Daama Alex, Kisaka Stevens, Mugamba Stephen, Kyasanku Emmanuel, Nalwoga Grace Kigozi, Kasango Asani, Bulamba Robert, Nkale James Menya, Nalugoda Fred, Nakigozi Gertrude, Kigozi Godfrey, Ndejjo Rawlance, Kagaayi Joseph
Africa Medical & Behavioral Sciences Organization, Kampala, Uganda.
Makerere University College of Health Sciences, Kampala, Uganda.
East Afr Health Res J. 2024;8(2):256-263. doi: 10.24248/eahrj.v8i2.788. Epub 2024 Jun 26.
Tobacco smoking increases the risk of death from many diseases, including ischemic heart disease, cancer, stroke, chronic obstructive pulmonary disease, diabetes, and other fatal and non-fatal diseases. Efforts have been invested towards cessation of tobacco smoking among youths aged 18-35 years. However, population-based data is limited on tobacco smoking in Wakiso district among youths. Therefore, this study aimed to determine the prevalence and factors associated with tobacco smoking among youths aged 18-35 years in Wakiso district Uganda.
Data from a Population-based survey in Wakiso district collected between October 2019 and September 2020 were used to determine the prevalence of tobacco smoking and associated factors. A cross-sectional design was employed. This study used multivariable logistic regression to estimate odds ratios and 95% confidence intervals (CI) for the association between tobacco smoking and various factors among youths aged (18-35) years in Wakiso district Uganda.
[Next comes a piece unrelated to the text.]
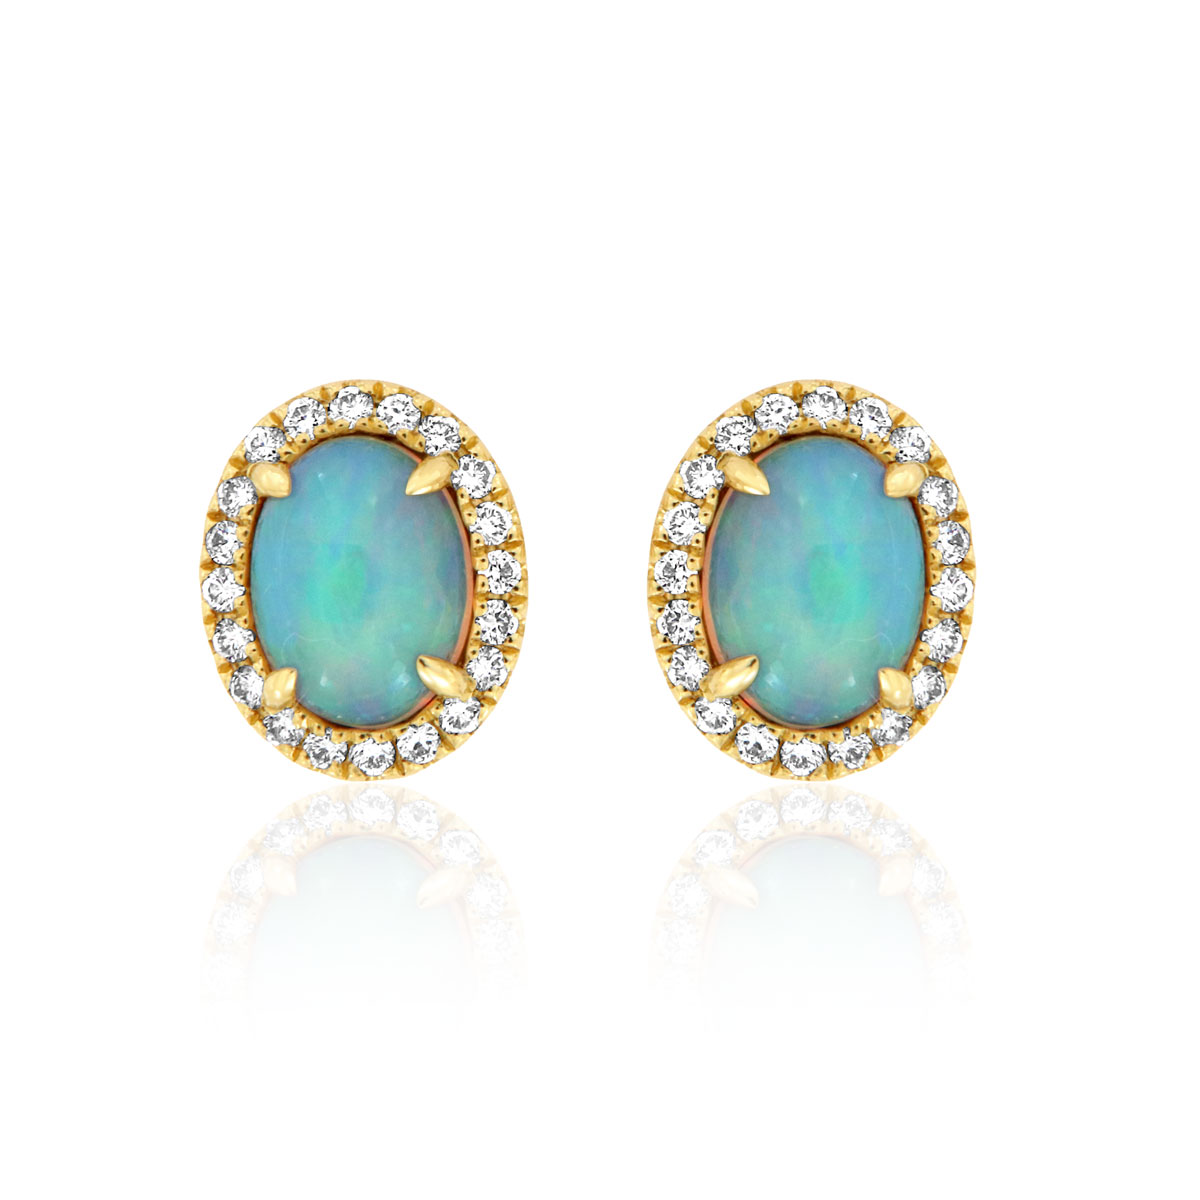 18K Yellow Gold Opal & Diamods Earrings ( 2 ct. tw)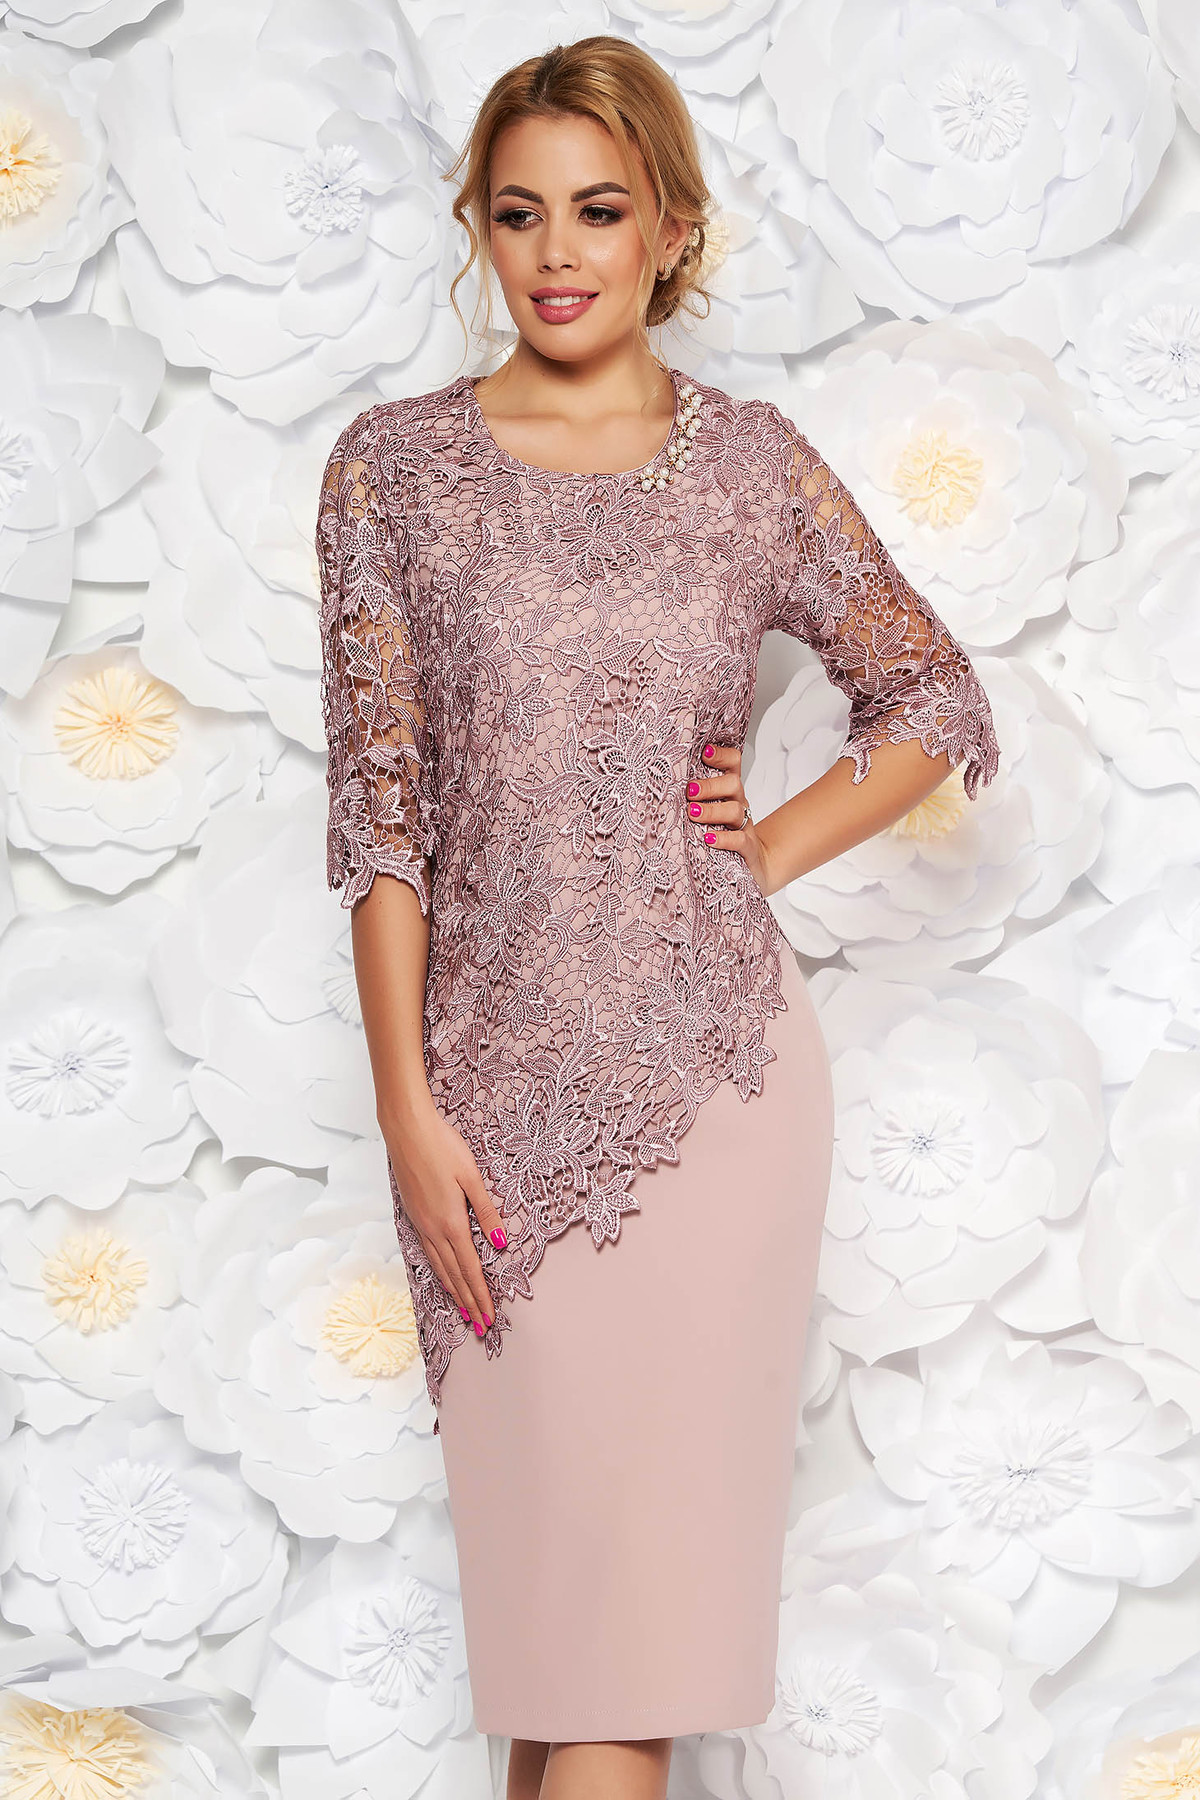 Rochie rosa de ocazie midi cu maneca 3/4 cu un croi mulat din stofa usor elastica suprapunere cu dantela

A total of 1,092 participants were enrolled of whom 631(57.8%) were females. The mean age was 25.8 (SD=4.8) years. A total of 35 (3.2 %) reported current tobacco smoking while 64(5.9%) ever used tobacco. The mean age at smoking initiation was 20.6 (SD= 5.3) years. In the multivariable analysis, age groups 25-29 years (aOR= 3.66, [95% CI: 1.15, 11.65]) and 30-35 years (aOR= 4.26, [95% CI; 1.32, 13.72]) were more likely to smoke compared to those under 25 years). Other positively associated factors included alcohol users (aOR= 4.86, [95% CI: 2.01, 11.74]), HIV positive status (aOR= 5.43, [95% CI: 1.86, 15.86]), living with friends or relatives who smoke (aOR=9.93, [95% CI: 1.86, 15.86]), and being male (aOR=4.50 [95% CI; 1.82, 11.13]).
Overall tobacco smoking among youths aged 18-35 years is low compared to national prevalence of 9%. However, the focus should be on males, older youths, alcohol users, and HIV-positive youths including those living with friends or relatives who smoke.
吸烟会增加许多疾病导致死亡的风险,包括缺血性心脏病、癌症、中风、慢性阻塞性肺疾病、糖尿病以及其他致命和非致命疾病。已投入努力促使18至35岁的年轻人戒烟。然而,关于乌干达瓦基索区年轻人吸烟情况的基于人群的数据有限。因此,本研究旨在确定乌干达瓦基索区18至35岁年轻人中吸烟的患病率及其相关因素。
使用2019年10月至2020年9月期间在瓦基索区进行的一项基于人群的调查数据来确定吸烟的患病率及其相关因素。采用横断面设计。本研究使用多变量逻辑回归来估计乌干达瓦基索区18至35岁年轻人中吸烟与各种因素之间关联的比值比和95%置信区间(CI)。
共招募了1092名参与者,其中631名(57.8%)为女性。平均年龄为25.8岁(标准差=4.8)。共有35人(3.2%)报告目前吸烟,64人(5.9%)曾使用过烟草。开始吸烟的平均年龄为20.6岁(标准差=5.3)。在多变量分析中,与25岁以下的人相比,25至29岁年龄组(调整后的比值比=3.66,[95%置信区间:1.15,11.65])和30至35岁年龄组(调整后的比值比=4.26,[95%置信区间;1.32,13.72])吸烟的可能性更大。其他正相关因素包括饮酒者(调整后的比值比=4.86,[95%置信区间:2.01,11.74])、艾滋病毒呈阳性状态(调整后的比值比=5.43,[95%置信区间:1.86,15.86])、与吸烟的朋友或亲戚同住(调整后的比值比=9.93,[95%置信区间:1.86,15.86])以及男性(调整后的比值比=4.50 [95%置信区间;1.82,11.13])。
与9%的全国患病率相比,18至35岁年轻人中的总体吸烟率较低。然而,重点应放在男性、年龄较大的年轻人、饮酒者以及艾滋病毒呈阳性的年轻人身上,包括那些与吸烟的朋友或亲戚同住的人。